11. In Alister Antony Pareira vs State of Maharashtra, the court held that:
“Sentencing is an important test in matters of crime. One of the prime objectives of the criminal law is the imposition of an appropriate, adequate, just and proportionate sentence commensurate with the nature and gravity of the crime and the manner in which the crime is done. There is no straight jacket formula for sentencing an accused in proof of crime. What sentence would meet the ends of justice depends on the facts and circumstances of each case and the court must keep in mind the gravity of the crime, motive for the crime, nature of the offence and all other attendant circumstances”
12. The findings in this case emphases a trial court’s discretion in passing sentence, in that, it is expected to consider the purpose of it under the common law. This is
(a) to ensure that the offender is adequately punished ;
(b) To prevent crime by deterring the offender and other person from committing similar offences;
(c ) to protect the community from the offender;
(d) to promote the rehabilitation of the offender;
(e) to make the offender accountable for his or her actions;
(f) to denounce the conduct of the offender;
(g) to recognize the harm done to the victim of crime and the community;
13. In the instant case, the applicant was sentenced to a fine of Ksh 40,000 or serve six (6) months imprisonment in default, for an offence whose penalty is a fine not exceeding Ksh two(2) Million shillings or imprisonment for a term not exceeding five ( 5) years or to both.
14. It can therefore be clearly seen that the fine meted was within the law prescribed law.
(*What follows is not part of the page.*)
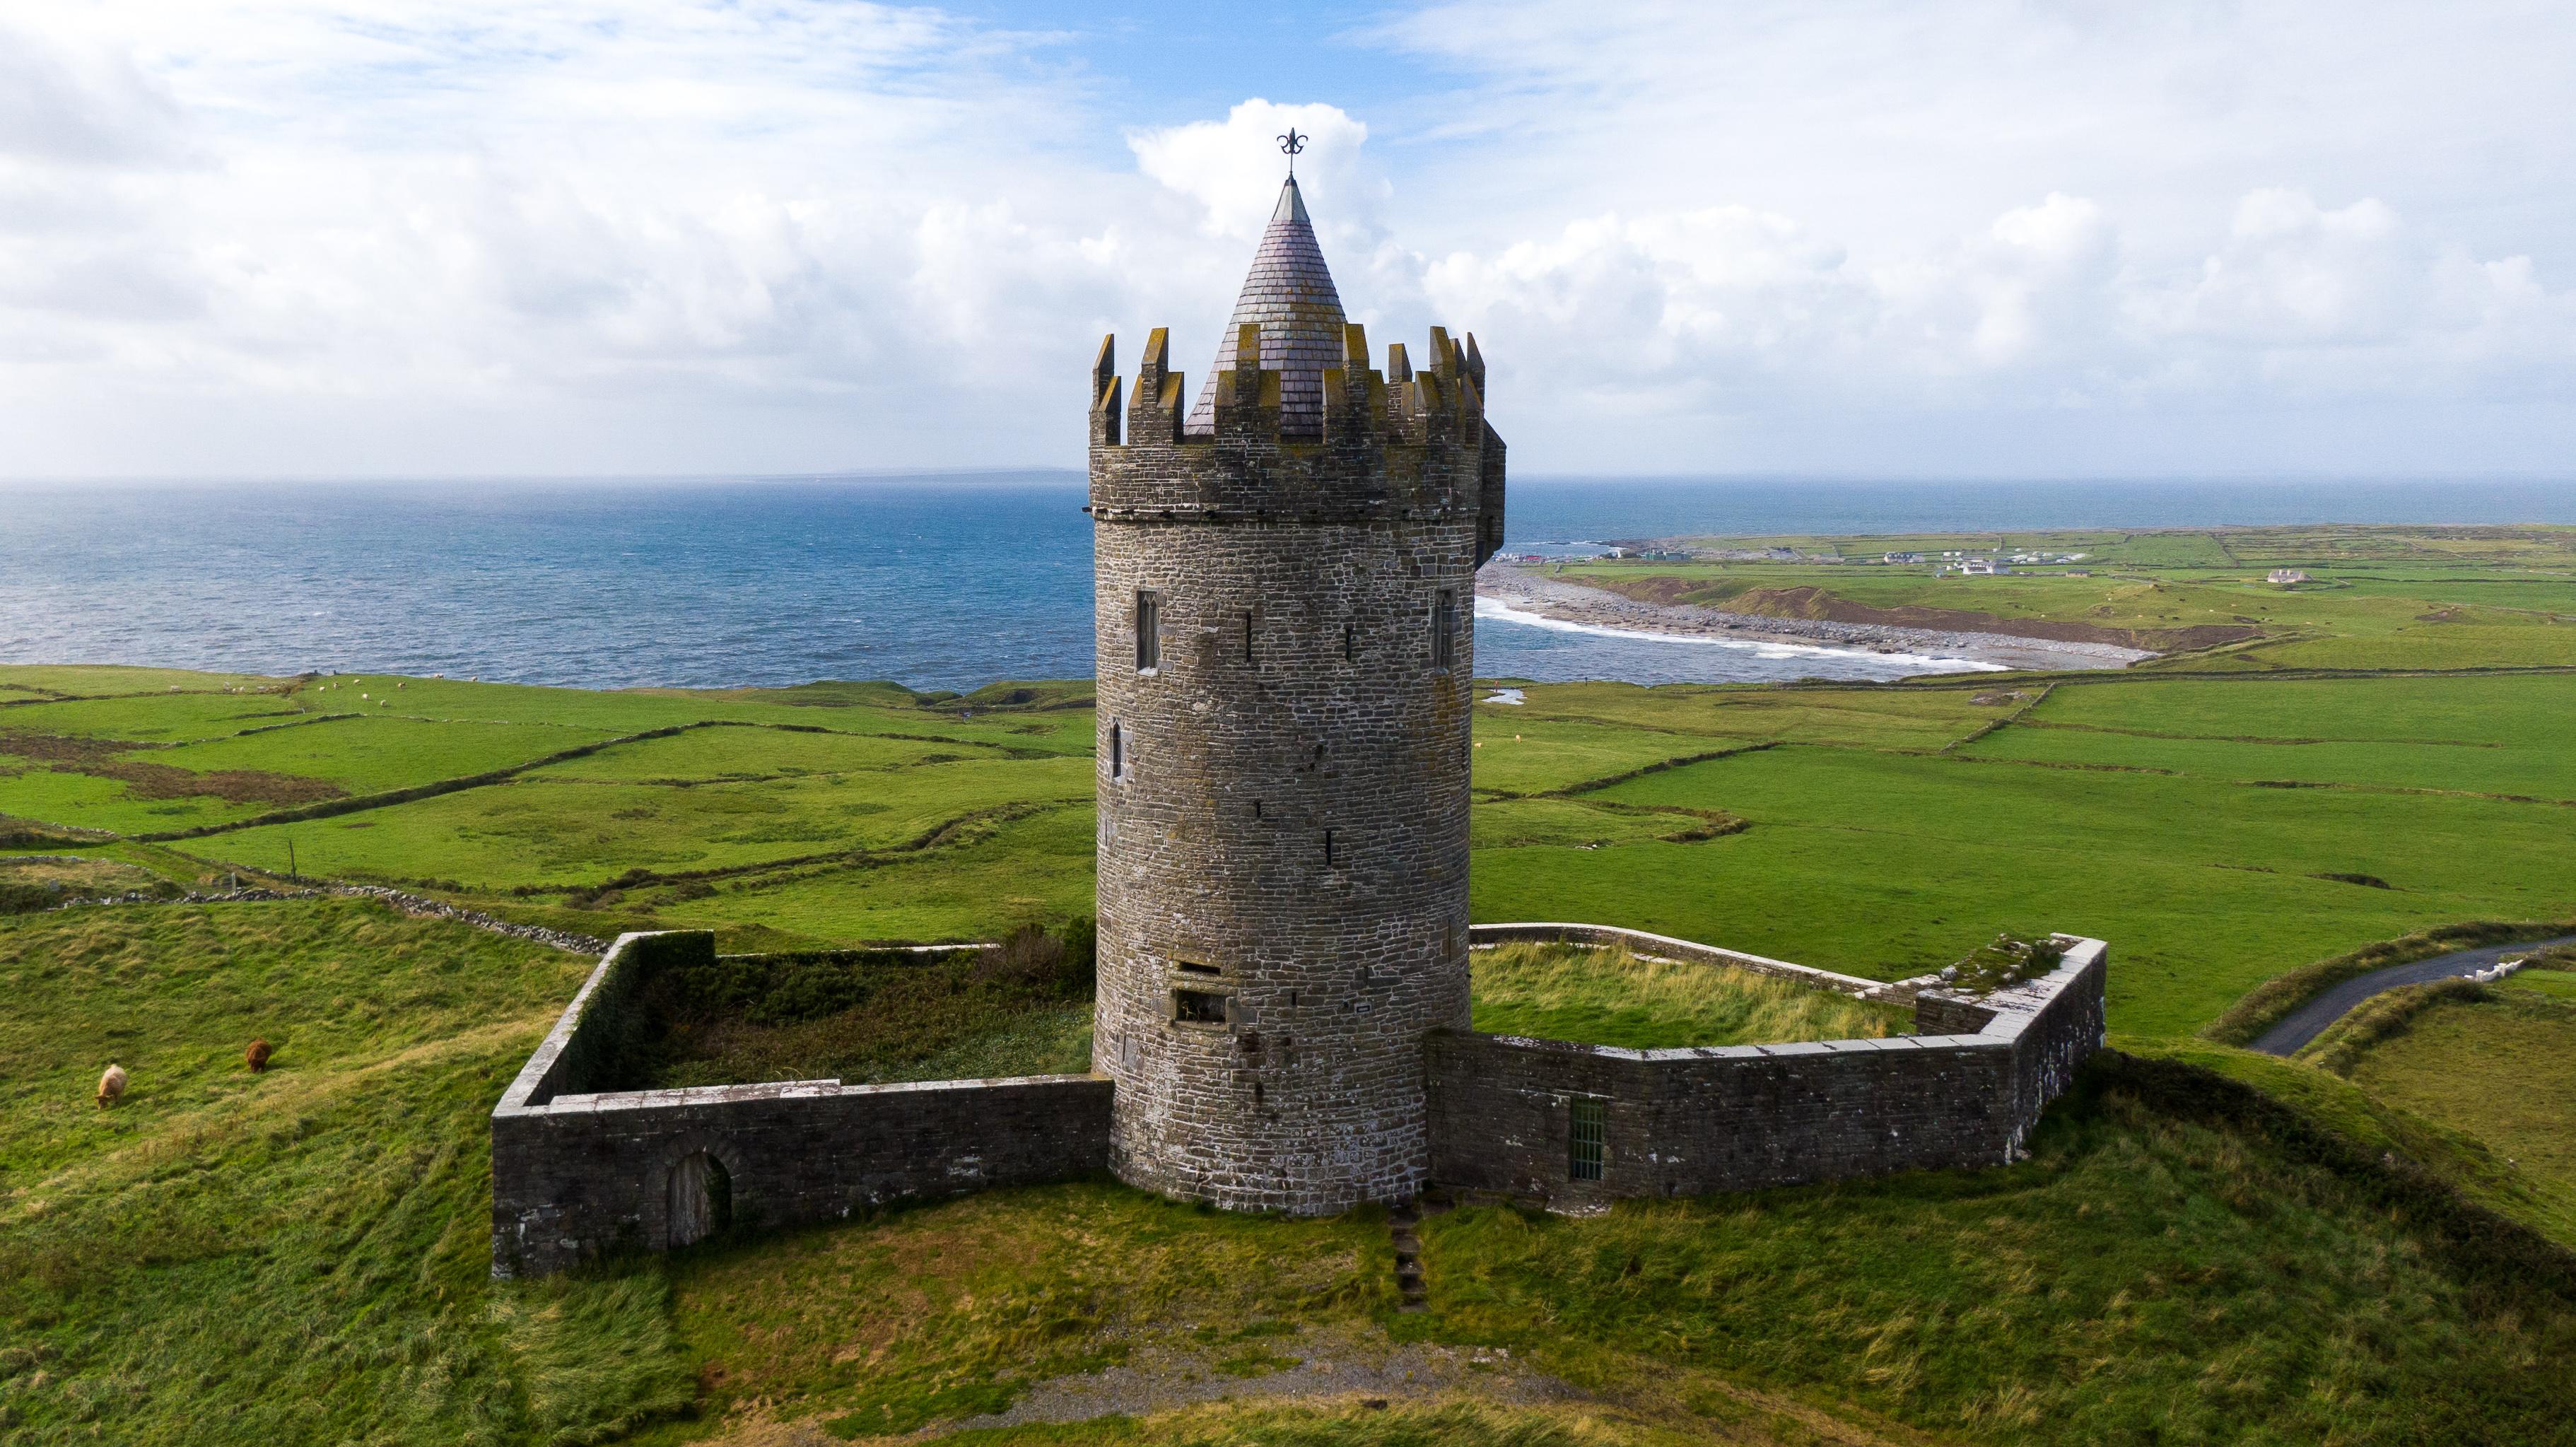 Vivi la magia dell'Irlanda

15. Article 50 (2) (p) of the Constitution relates to a right an accused person is entitled to in a case where the prescribed penalty has been changed between the time the offence was committed and the time of sentencing.
16. The Applicant in this case is, according to the particulars of the c,harge, said to have committed the offence on 23rd November 2015.
17. The alcoholic Drinks and .Act No 4 of 2010 under which the applicant was charged, was passed in the year 2010, which is before she committed the offence. The applicant, therefore, does not qualify any benefit for the provisions of Article 50 (2) (p) of the Constitution.
18. The Applicant was said to have been found with 10 litres of alcoholic drink, namely Mnazi. This amount is definitely too much for a normal consumer.
19. I therefore find the sentence imposed against the applicant commensurate to the amount of alcoholic drink he was found in possession of and meant to deter him and others from committing a similar offence.
20. Having found so, the application for review by the Applicant is within merit and I dismiss the same accordingly.
Ruling delivered and signed at Mombasa this 8th day of September 2016
D .O. CHEPKWONY
JUDGE
In the presence;
M/s Mutua for the state- present
Ms/ Sidanju holding brief for Mr Mwanyale for Applicant.